Naidoo denied this, but said there were “some misunderstandings” between SABC board members and that some believed the board was independent, while others did not.

“We are accountable to the minister, Parliament and Scopa (the standing committee on public accounts). We cannot have a board that is totally independent from government,” Naidoo said.

He defended Ndabeni-Abrahams, saying she was exercising her oversight role: “She is entitled to meet with the board and get reports. That is not interference.”

Kweyama was unavailable for comment.

Parliamentary sources told City Press they believed the ANC instructed its members on the board to resign.

“They want to make the board inquorate,” said one.

“[The minister] does not seem to understand that the failure of the board will mean the failure of the SABC.

“We are proud of the work that the board has done in filling positions, enabling the Special Investigating Unit to do its work and developing a turnaround strategy.”

A board source said they had “received no help whatsoever from any of the three ministers who have been in the position [Mmamoloko Kubayi-Ngubane, Nomvula Mokonyane and Ndabeni-Abrahams] since we started as a board”.

“Now we are being hung out to dry when the truth is that the retrenchments are the only way to cut costs. If they can show us the money, then the board will reconsider.

“In 14 months there has been no minister to bat for us, so what evidence do we have that she will get us the money to keep the broadcaster afloat?”

In a statement to City Press, the board confirmed the meeting with Ndabeni-Abrahams and receiving the letter from her on Saturday.

“The board is busy developing a comprehensive response to the issues raised,” it said. “The board continues to deliberate on this matter and remains committed to finding a solution that is in the best interests of the SABC and the South African public.”

Ndabeni-Abrahams’ spokesperson, Nthabeleng Mokitimi-Dlamini, said the minister would “communicate” after the matter was resolved.

“This is a matter of national interest and not a matter of politicking,” she said, adding that the ministry would not respond to allegations from faceless sources.

ANC spokesperson Pule Mabe denied the party had any strategy to collapse the SABC board, saying: “That is a sheer figment of the imagination. We do not have such a programme.”

He said that “all hands are on deck” to save jobs at the SABC, adding: “The new minister must be allowed to settle in and do her job.”

DA communications spokesperson Phumzile van Damme said Parliament was clear that a skills and salary audit was needed before any retrenchments, as well as a clear plan outlining how the broadcaster would sustain itself.

“We have given the SABC until our next meeting to provide this information,” she said.

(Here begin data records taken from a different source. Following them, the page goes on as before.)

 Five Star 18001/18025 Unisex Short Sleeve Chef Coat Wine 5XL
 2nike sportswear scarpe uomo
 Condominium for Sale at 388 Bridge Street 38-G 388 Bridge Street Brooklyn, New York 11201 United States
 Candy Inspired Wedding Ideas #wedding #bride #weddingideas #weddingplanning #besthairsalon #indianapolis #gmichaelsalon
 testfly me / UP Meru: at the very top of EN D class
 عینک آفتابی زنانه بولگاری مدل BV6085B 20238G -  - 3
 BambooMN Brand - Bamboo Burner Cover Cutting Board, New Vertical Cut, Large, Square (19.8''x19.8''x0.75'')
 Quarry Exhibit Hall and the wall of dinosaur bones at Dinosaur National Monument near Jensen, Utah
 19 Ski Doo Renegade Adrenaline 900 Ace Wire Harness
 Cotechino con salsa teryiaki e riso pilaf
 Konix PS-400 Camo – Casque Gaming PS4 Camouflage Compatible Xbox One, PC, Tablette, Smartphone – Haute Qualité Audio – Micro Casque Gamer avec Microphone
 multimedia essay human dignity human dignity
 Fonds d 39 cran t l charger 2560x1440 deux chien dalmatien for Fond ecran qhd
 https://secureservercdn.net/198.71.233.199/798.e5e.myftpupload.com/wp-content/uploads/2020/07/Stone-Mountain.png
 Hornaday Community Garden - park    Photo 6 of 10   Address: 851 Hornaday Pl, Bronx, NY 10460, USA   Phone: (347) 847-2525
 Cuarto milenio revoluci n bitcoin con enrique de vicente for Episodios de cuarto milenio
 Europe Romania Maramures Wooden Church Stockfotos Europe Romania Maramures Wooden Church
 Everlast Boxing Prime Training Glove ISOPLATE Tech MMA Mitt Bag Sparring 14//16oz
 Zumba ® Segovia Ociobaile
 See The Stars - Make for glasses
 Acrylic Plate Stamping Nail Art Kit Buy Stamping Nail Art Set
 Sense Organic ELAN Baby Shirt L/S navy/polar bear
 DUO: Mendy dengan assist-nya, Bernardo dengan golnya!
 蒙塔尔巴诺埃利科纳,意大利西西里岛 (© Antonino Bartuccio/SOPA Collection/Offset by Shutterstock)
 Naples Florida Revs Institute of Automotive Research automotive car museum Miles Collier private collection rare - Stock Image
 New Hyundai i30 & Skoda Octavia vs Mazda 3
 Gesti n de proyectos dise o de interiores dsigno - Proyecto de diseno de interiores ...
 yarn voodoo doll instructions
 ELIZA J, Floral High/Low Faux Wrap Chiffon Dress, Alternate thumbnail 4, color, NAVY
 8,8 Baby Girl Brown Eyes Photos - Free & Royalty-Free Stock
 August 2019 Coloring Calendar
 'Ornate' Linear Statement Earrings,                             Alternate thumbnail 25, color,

“The fact that the SABC has indicated that it will retrench regardless is unsettling, and indicative of a board that is unable to do the basics and stubbornly intent on retrenching staff without doing their homework first.

“But I am also awake to the fact that the dissolution of the board could be used to appoint an interim board for the duration of the election, which will be at the beck and call of the ANC.”

Hannes du Buisson, president of the Broadcasting, Electronic, Media and Allied Workers’ Union, said the SABC board appeared to be a “law unto themselves” and “responsible for the first full-blown strike in 20 years at the SABC”.

“This board has absolutely no compassion for SABC employees, whom they regard as numbers – and no appreciation and acknowledgment for highly trained professional broadcasters,” he said.